* [WHAT IS EXPECTED]: Repeat exactly the stretch of lines that starts with the one containing "The Ambassador Antique" and ends with the last line of the material. Leave out pictures.

* [PROVIDED DATA]:
↓
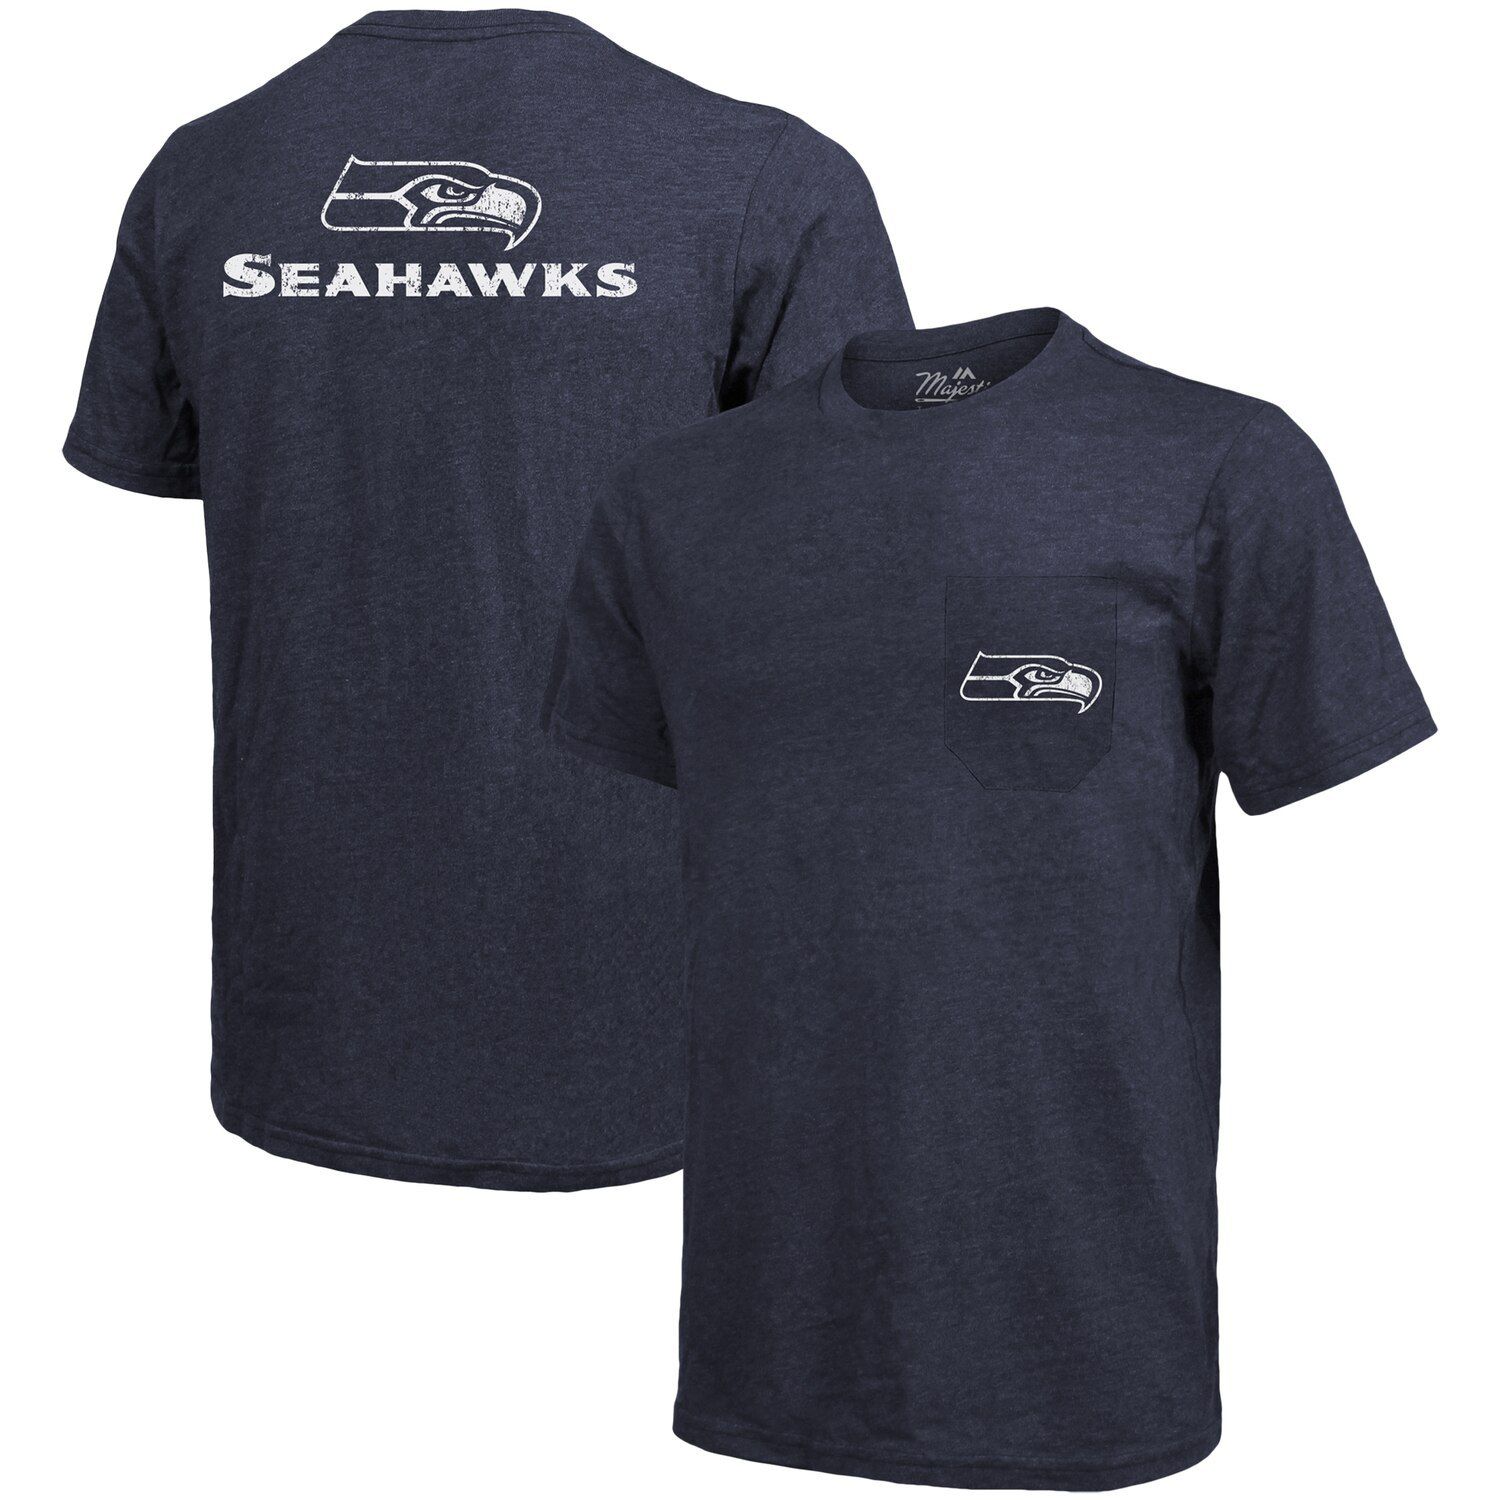 Футболка с карманами Tri-Blend Threads Seattle Seahawks Threads - Темно-синий Majestic футболка с карманами tri blend new york jets threads меланжево зеленый majestic
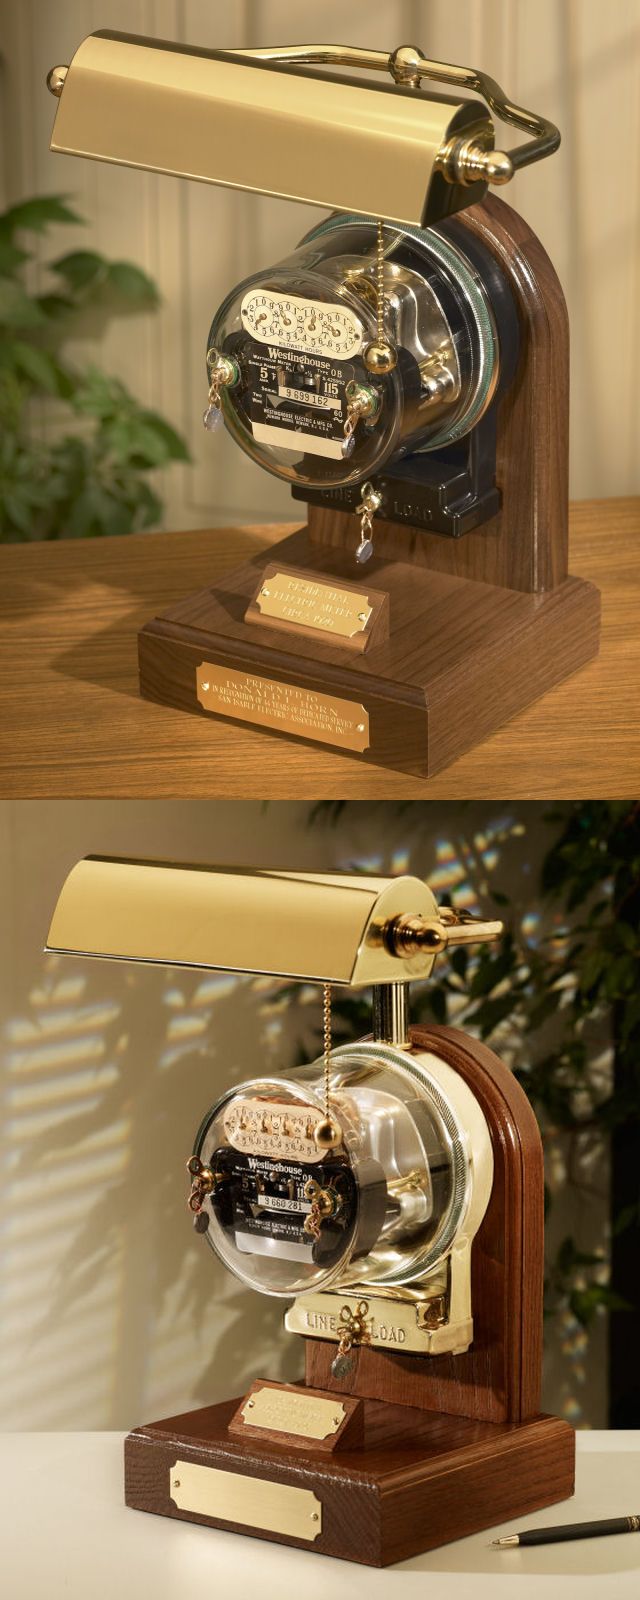 The Ambassador Antique Residential Meter Lamp
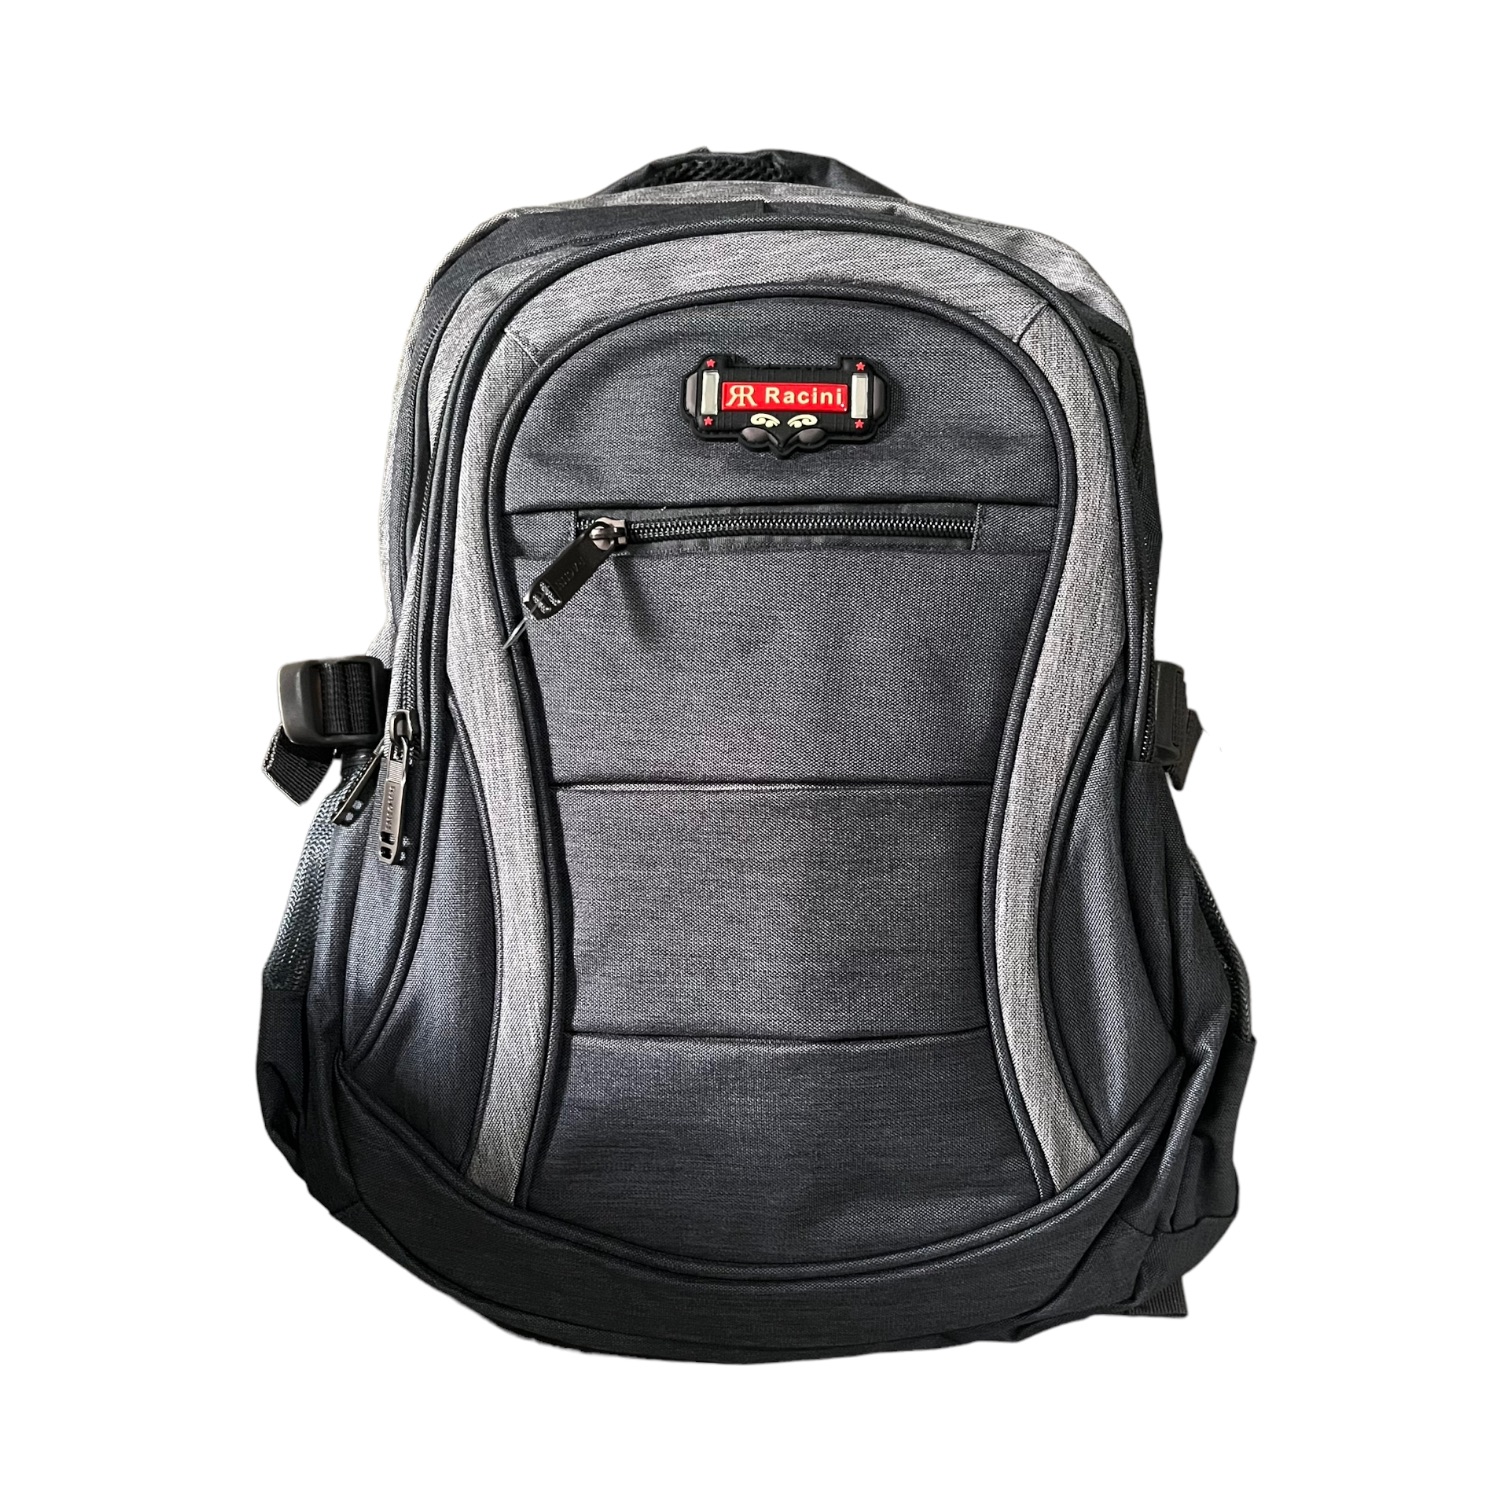 Racini Computer Backpack 55343 Black | Lazada PH
↑
* [RESULT OF THIS EXERCISE]:
 The Ambassador Antique Residential Meter Lamp
 Racini Computer Backpack 55343 Black | Lazada PH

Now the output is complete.